Summary of the author/Harvard law professor's (not Tribe) analysis:
--the term "natural born citizen" was intended by the framers, per the common law definition, to mean someone born in US territory or to US parents in the service of their country--not to persons born abroad with one parent (his mother) who was a US citizen. The framers feared that someone foreign-born might have divided loyalties. So, the framers did not mean NBC to apply to someone like Cruz.
--Statutes from the 1790s which Cruz cites (which at one time treated persons foreign born to US parents as "natural born") are of no help to Cruz because they may have conveyed rights under that statute by expanding the definition, but they did not purport to change the constitutional definition of "natural born citizen" (which term is used only in reference to qualification for POTUS--not for the qualification for Congress, which = "born citizen"); nor could they because Congress cannot change the language of the Constitution. That language can be interpreted by the Courts and changed by amendment only. In any event, that law was amended in 1795 to delete the "natural born citizen" language (based upon Madison's objection that Congress can only naturalize aliens, not citizens) and say that persons born abroad to US parent(s) are "citizens," but not "natural born citizens."

This particular issue has never been decided by SCOTUS, and Cruz's claims that this is "settled" law are wrong.

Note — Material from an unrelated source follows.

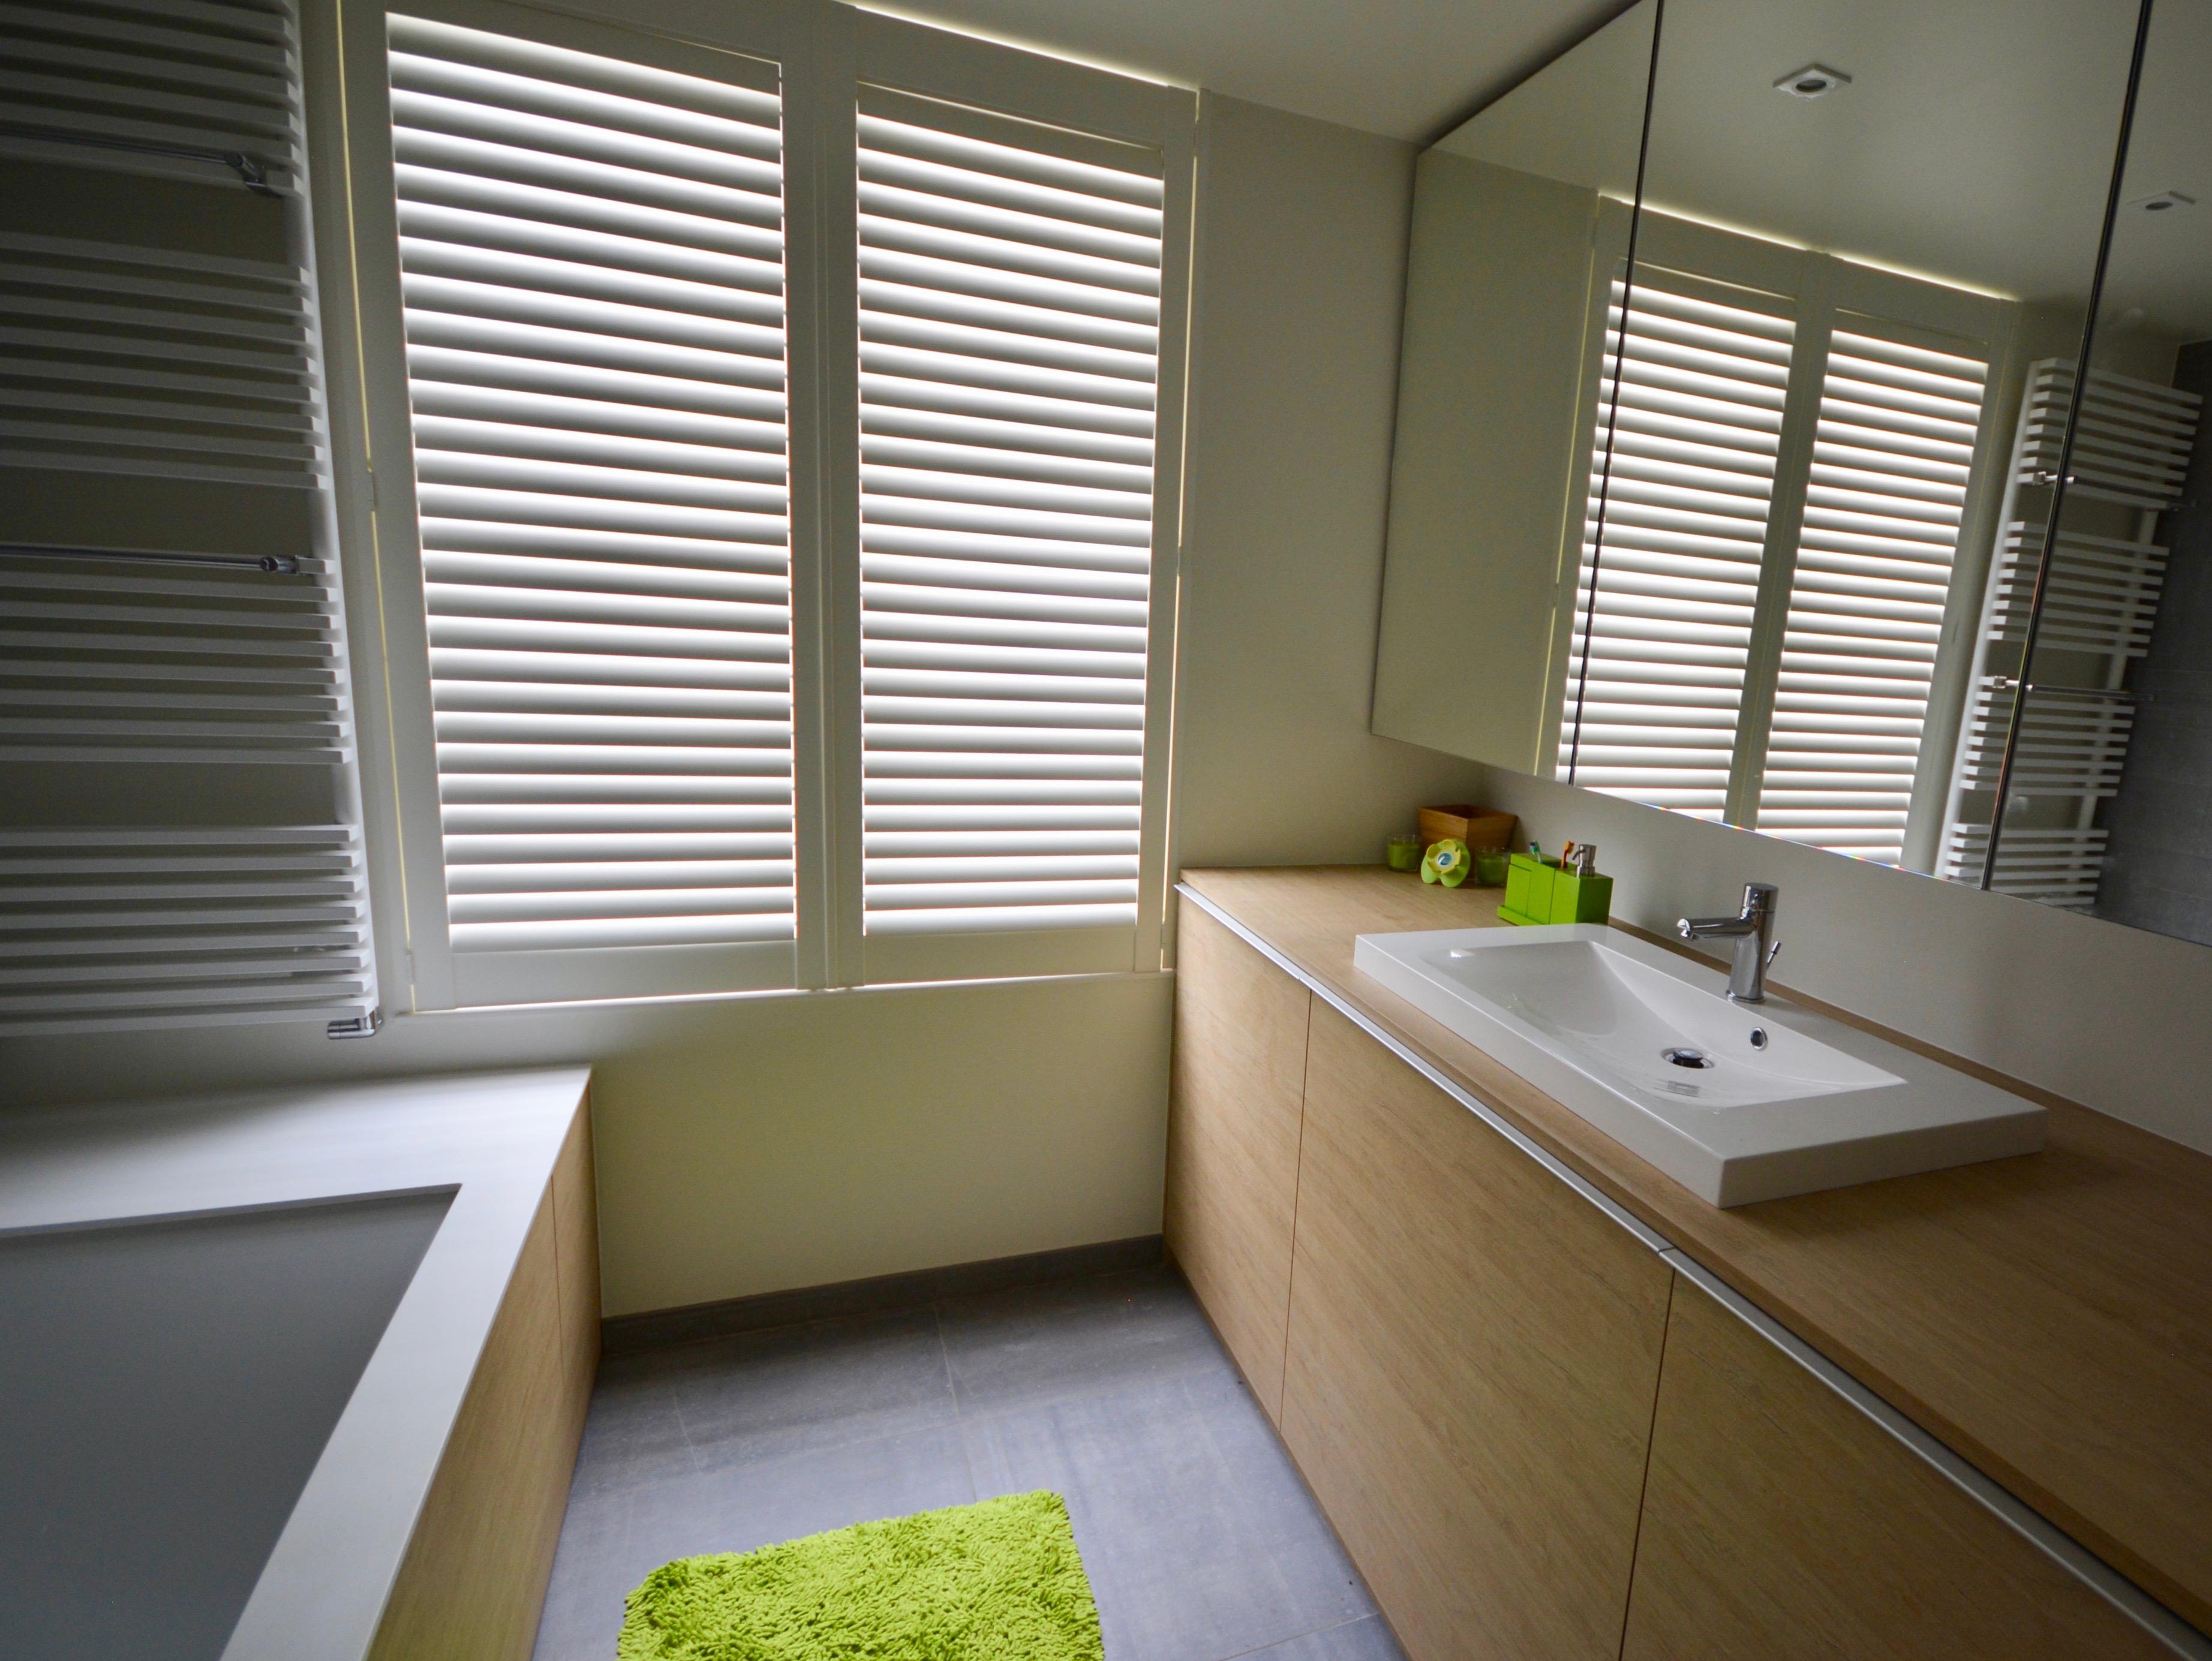 Badkamer Met Hout : Zo gebruik je hout in de badkamer luxaflex

The Donald apparently did consult with some legal scholars when he threw this out there. A lawsuit on this would have legs. But how would it arise? The most likely way is a state decides to leave Cruz off the ballot saying he is not a NBC--then he would have to sue to be on it and away we would go. That seems like a long shot to happen. I'm not sure who might have standing to bring the suit preemptively, but I'm sure there are a lot of people looking at that.

Interesting...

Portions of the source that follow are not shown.